花魁となって蓮馨寺に遊びに来たのだった。

沙羅さんでは今年も狐宵祭に合わせて特別和服レンタルをしていました。

紅狐さんは、その姿を見ながら、「来年は私も参加しようかしら」と興味ありげな様子。

来年はダブル花魁道中が見れるかもしれません。?


そして・・・

河越藩狐衆の紅狐、吉原狐社中の百合之助、

沙羅太夫、川越藩火縄銃鉄砲隊保存会寺田会長がここに揃った。


境内の一角から音が聴こえてきた。

狐宵祭で欠かせないのが、音楽に舞い。

午後から様々な狐が登場し、境内で過ごす狐たちの目を釘付けにしていた。

13:00~オープニング

14:00~奏手候

14:45~天心流

15:00~フリータイム

17:00~夜の部開始

18:45~エンディング

19:00 終焉


音楽、パフォーマンスの出演者も雰囲気に合っていて、

例えば奏手候は、吉原狐社中の百合之助さんが召還したバンドで、

京都からわざわざ川越までやって来ていた。

「東の方の狐がなにやら賑やからしい」と興味持ってくれた。

昨年の狐宵祭の話しは西の狐にも伝わり、

そんなに賑わうお祭りならと、特別に出演了承してくれたのだという。

奏手候さんは演奏を終了するとまたすぐ、京都に帰っていったのでした。。。









昨年に引き続き登場した天心流兵法は、華麗な演武を披露。

実は川越とのつながりも深く、天心流兵法の一人は、

2015年7月川越百万灯夏まつりでの川越藩火縄銃鉄砲隊保存会の演武において、

参加者の着物着付けを担当していた。


その後、フリータイムにはあやかしがたりの御伽噺、

音楽機材提供の川越Rotomから

おとまち小江戸公認アーティストであるサニークラッカーのみのるさんのLIVE、

大筆水書道、吟遊狐浄メノ歌と続いていきました。

次々と起こる催しに、各地からやって来た狐も存分に楽しんでいました。











ここまでが昼の部の狐宵祭。

昼の部の蓮馨寺は、狐に、狐に化けた人間に、動物たちに、素人間に、

狐のお祭りを覗いてみようといろんな生物が蓮馨寺に集まっていましたが、

黒狐さんが「これから狐宵祭夜の部を始める!」と宣言すると、

いよいよここからは狐だけの世界・時間が始まる。
夜の部はまず河越藩狐衆による、百鬼夜行ならぬ百狐夜行。河越藩狐衆の歌を響かせました。

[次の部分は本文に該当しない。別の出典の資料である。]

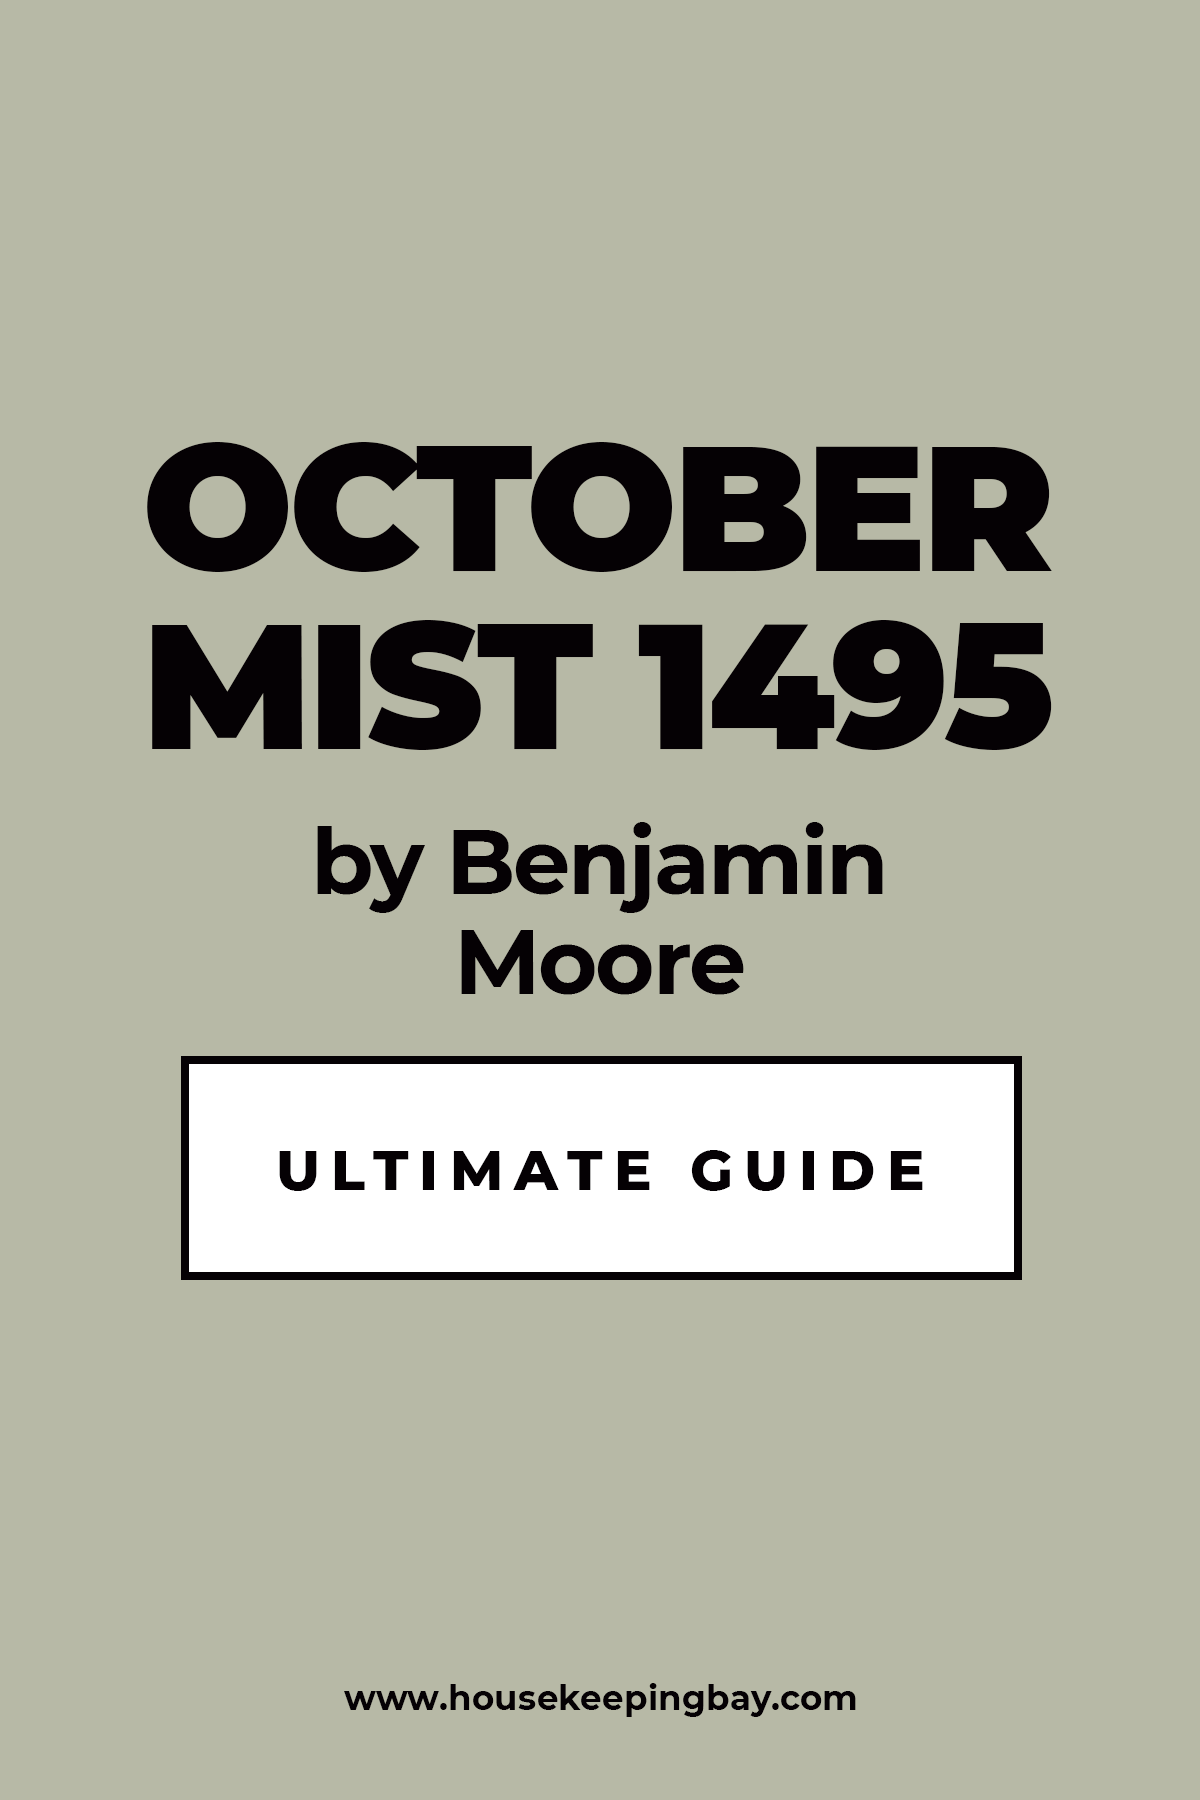 October Mist 1495 by Benjamin Moore Ultimate Guide

次に吉原狐社中が登場し、狐楽隊、蒼狐 紅桜ゆとと続いていきました。。。

闇に鮮やかに狐たちの舞いや演奏が浮かび上がります。






全ての演目が終わると、狐たちは満足そうに自分たちの街に散り散りに去っていった。

狐宵祭で装いを整え、いよいよ年末年始の行事を迎える。


河越藩狐衆による川越の狐宵祭は、また来年開催を予定しています。

それまでの間は、狐たちは街の片隅に生きながら月に一度の狐宵市を開催しながら、

じっくりと来年冬の狐宵祭の準備を進めていくことでしょう。

夢か現か幻か、いや、狐は街に静かに溶け込み、私たち人間と共存しています。。。